2016-06-24

This weekend’s movie recommendation was, for me, all the proof I’d need to know that Tom Hanks can be adorable even when he’s a jerk. In Penny Marshall’s A League of their Own, Hanks is the inebriate coach tasked with pulling together a team of misfits to compete in the country’s very first women’s baseball league in the 1940s.

Among the tired and formulaic film genres out there, sports movies usually take the cake as the most wearisome of all. When it’s a team-based game, especially, the formula is so familiar you can probably do the whole thing blindfolded, replacing only the adversity-du-jour for taste. Here, Geena Davis plays Dottie Hinson, whose preternatural gift for baseball attracts the attention of a talent scout who’s looking to recruit her for a new team (a delightfully slimy Jon Lovitz). She reluctantly joins only at the desperate urging of her younger sister Kit Keller (played by Lori Petty), who’s eager to leave small-town Midwestern America behind for something bigger.



But the world of baseball into which Dottie and Kit intrude makes the sisters’ welcome as harmonious as is to be expected for the 1940s. What could be a ripe moment for commentary that offers something a little more substantial than the usual sports comedy gets left behind in favor of rehearsing the same inoffensive and lightly sentimentalized mold as the previous installment from Marshall and Hanks, the director-star combo responsible for Big from four years earlier.

Upon arriving, the sisters meet their team-mates at tryouts. Stock characters abound, from Rosie O’Donnell’s loudmouth Doris to Madonna’s salacious Mae. Even the presence of the odd-one-out, Megan Cavanaugh’s frumpy Marla, represents the exception that proves the rule that a team of women athletes has to be caricatured, charming (and preferably attractive), and uniformly sympathetic before they’ll be considered remotely viable.

Hanks has no reservations at all about hamming up and enjoying a caricature. He plays Jimmy Dugan, a washed-out former big-leaguer who happily cashes his paycheck in exchange for showing up to games and posing as the team’s manager. The sinecure expectedly transforms into a source of redemption, as the team-mates teach him to find fulfillment again in the game rather than the bottle. Nonetheless, along the way Hanks has plenty of opportunity to show off his extraordinary gift for physical comedy – just keep an eye out for one scene in particular, where he has to learn the demands of restrained and constructive criticism.

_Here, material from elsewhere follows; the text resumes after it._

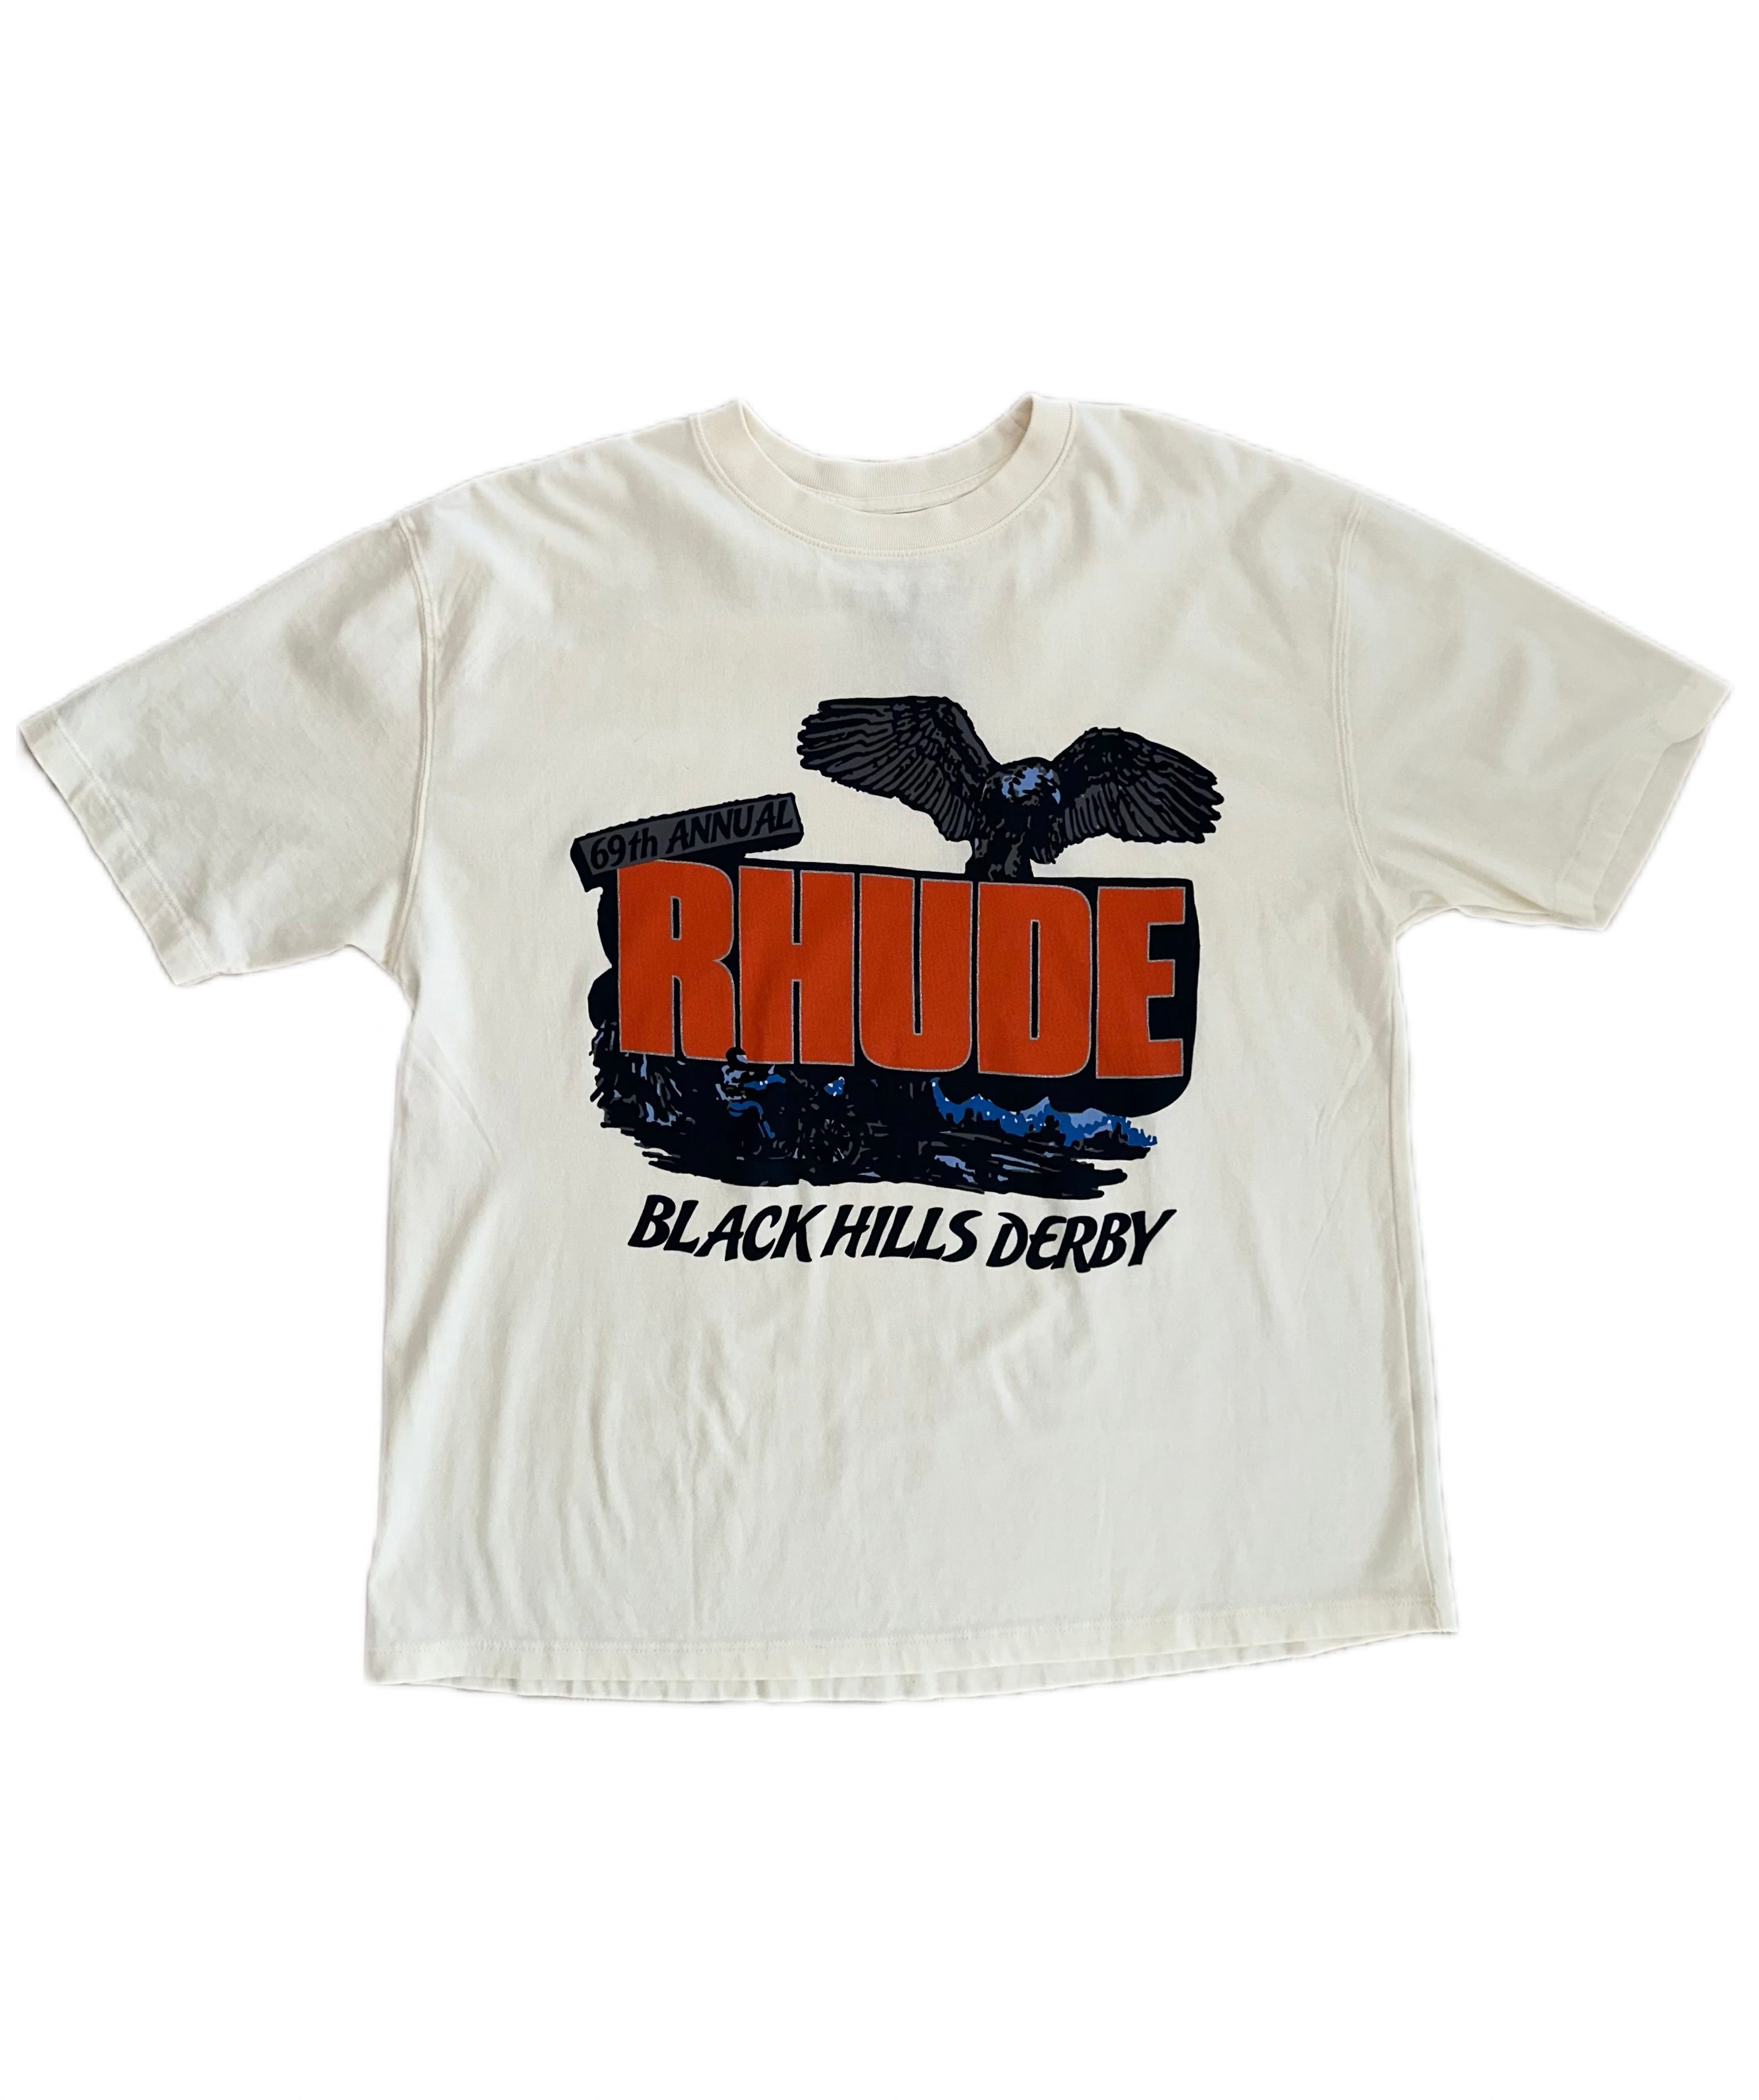 Rhude Off-Road Rally T-shirt (White/Orange)

We needn’t worry about the usual tumult in this sports yarn, though: the opposing teams are all similarly situated hopefuls, catapulting themselves through the glass ceiling; it’s not long before the team-mates click with one another; and the periodic reminders by David Strathairn’s executive Ira Lowenstein that the league depends on funding barely rise above blips on the radar. In fact, the team’s sympathy is pretty much impregnable. Neither the obstacles placed before women entering a male space nor the woes accompanying notifications about husbands lost in the war overseas consume more than a few passing moments in the team’s ascent to victory.

Unfortunately, as fun as the film is, its resolute refusal throughout to grapple with the rich themes available to it up until the final scene make the conclusion to A League of their Own a rather jarringly mawkish detour. The women rendez-vous at the Baseball Hall of Fame to commemorate the significance of the country’s first all-women’s baseball team, and to commiserate about the losses suffered in the intervening years. But in a film that so studiously maintained a light-hearted tone for almost two hours, the final eight minutes are a jarring descent into something else entirely—and it’s not even all that clear what.

Despite its weaknesses toward the end, A League of their Own hits a solid double when you need it most.* Enjoy!

*No, I really oughtn’t be trusted with hackneyed sports metaphors. I strike out every time.